1. In the course of the evidence for the Crown, a question has arisen as to whether the prosecution is entitled to prove not only that accused Nos. 2, 3, 4, 5, 6, 7 and 9 were closely and intimately associated with the approver Haji Sirajuddin but that the object of that association during a period of several months prior to the dacoity in question had been the commission of thefts and other discreditable acts. The mere fact that the evidence adduced would tend to show the commission of crimes other than that charged does not of course render it inadmissible, if it is in fact otherwise relevant to any issue properly before the Court. But having regard to the prejudice which must inevitably be introduced by such evidence, especially in a jury trial, I think the Court should be careful to see that its relevancy is clearly made out. The accused above referred to are not in this case charged with belonging to any gang but are charged with committing, or conspiring to commit, a particular dacoity--a transaction entirely unconnected with any of the aforesaid thefts. It is, I think, clear, in the first place, that, in so far as such evidence may be tendered with a view of showing the character of the accused concerned, it would be irrelevant under Section 54 of '' the Indian Evidence Act, their bad character not being in itself a fact in issue.
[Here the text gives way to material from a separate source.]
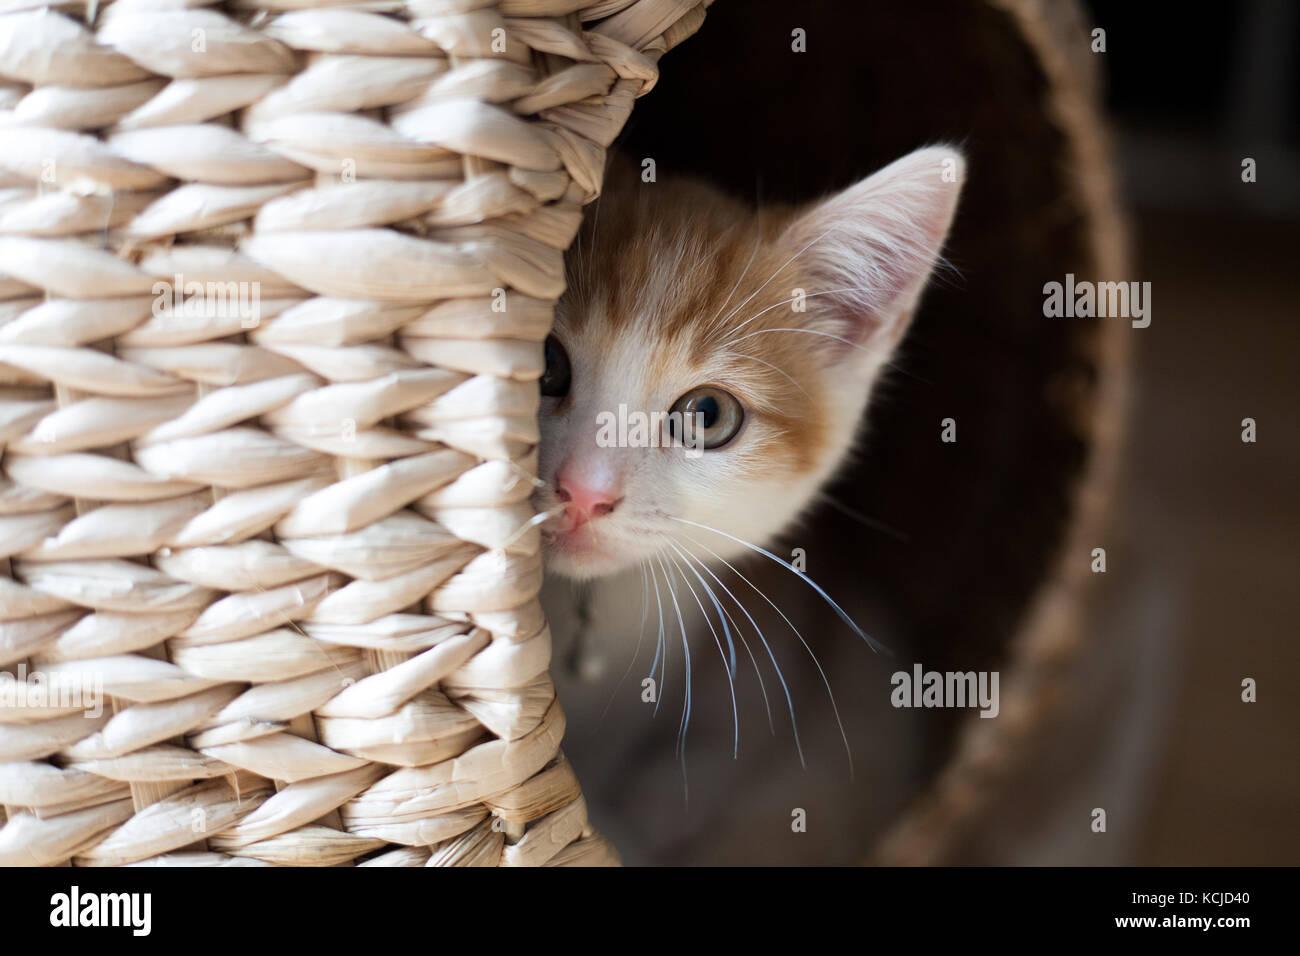 cute ginger kitten peeking out of a wicker pod - Stock Image

Nor would it, to my mind, be relevant in this case under Section 14 as showing the existence of any relevant state of mind, etc., inasmuch as the tendency to commit thefts generally could not fairly be deemed to throw any light on the existence of an intention to commit, or to engage in a conspiracy to commit, this particular dacoity.
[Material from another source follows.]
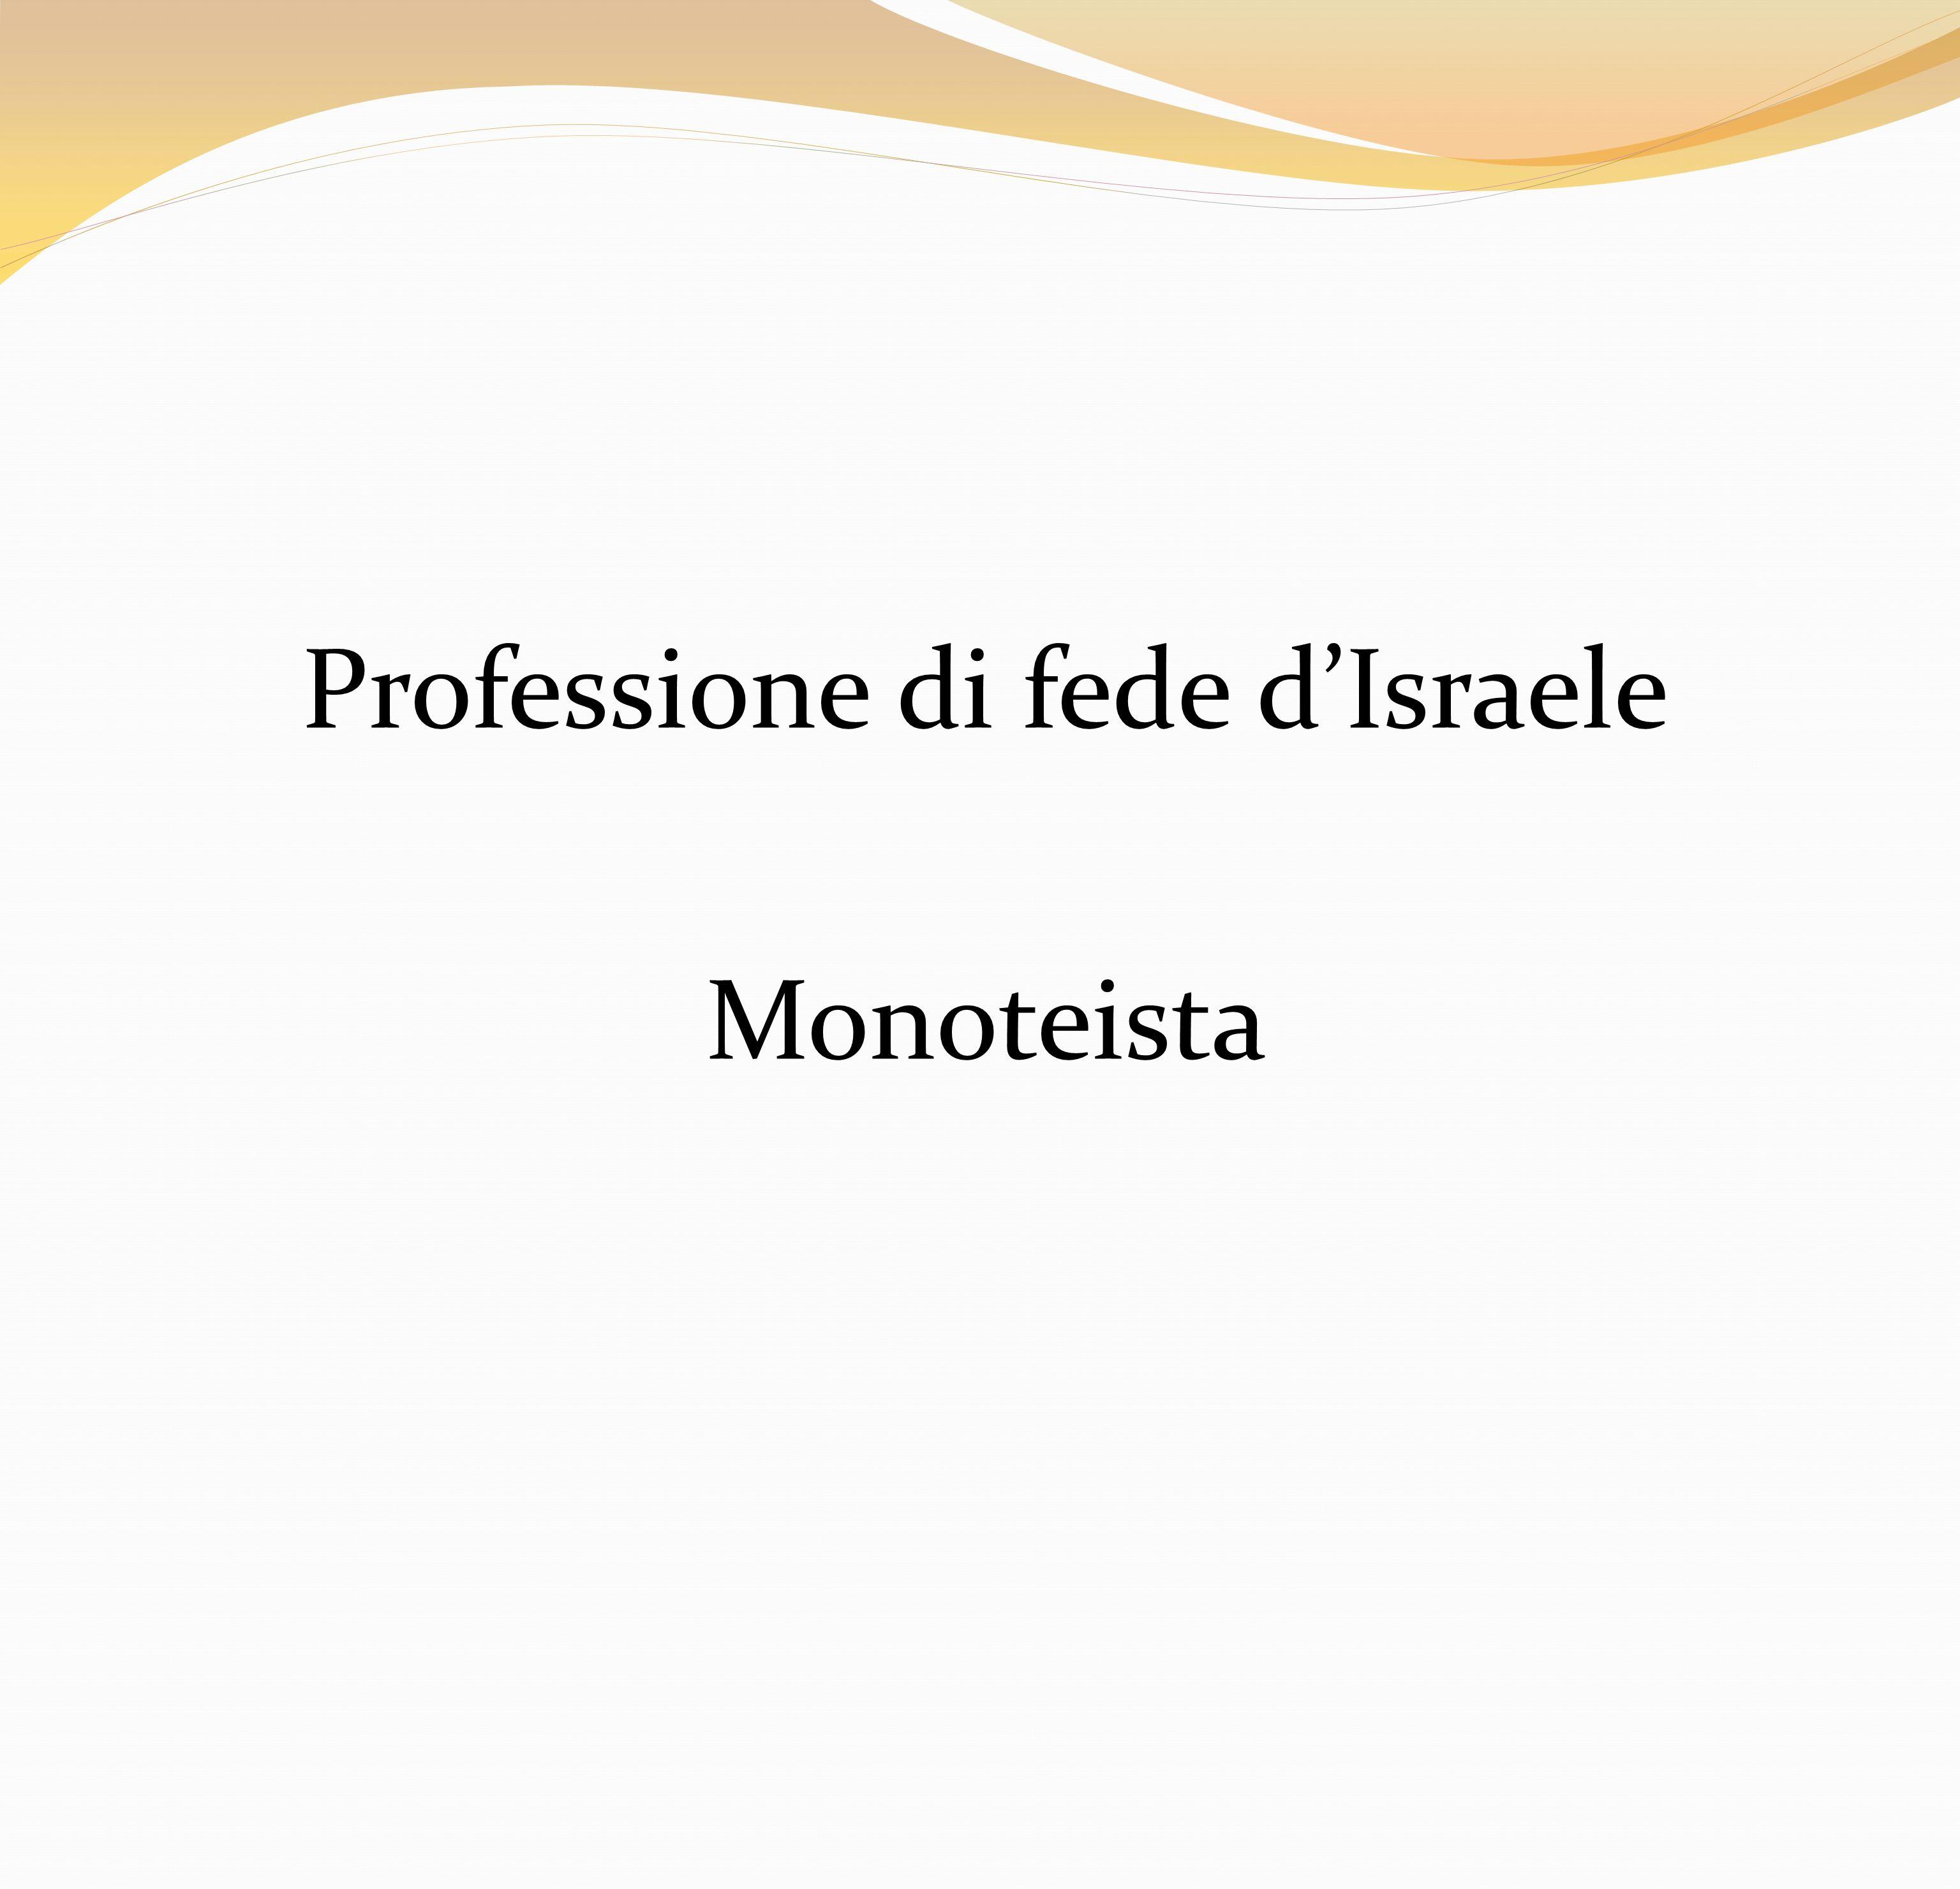 Professione di fede d'Israele Monoteista

2. Mr. Velinker has in fact given up this contention, but has argued that a conspiracy can in the nature of things ordinarily only be proved by inference, and that the evidence he tenders would show the closeness of the association alleged to have existed, and would therefore be relevant under Section 9 of the Indian Evidence Act as supporting the inference suggested and/or under Section 11 as making the existence of the conspiracy highly probable. As far as the evidence of close association with the approver is concerned, there could, I think, be no objection to the admission of such evidence, for what it is worth, in support of the approver's statement that a conspiracy in fact existed. But as far as regards the nature and character of the association, I am unable to see that there is any substantial difference in the distinction thus attempted to be drawn between evidence tending to show the character of the accused himself, and evidence tending to show the character of the persons with whom he is alleged to have associated, and the nature of the association. It seems to me that in each case the inference is one against which the law sets its face. To take what is perhaps an extreme case, it would, I think, be highly unreasonable to argue that proof of association with the express object of committing petty thefts renders highly probable the existence of a conspiracy to commit murder; and yet it seems to me to be a conclusion that would follow from the acceptance of the contention here put forward. I, therefore, disallow the evidence tendered on this point.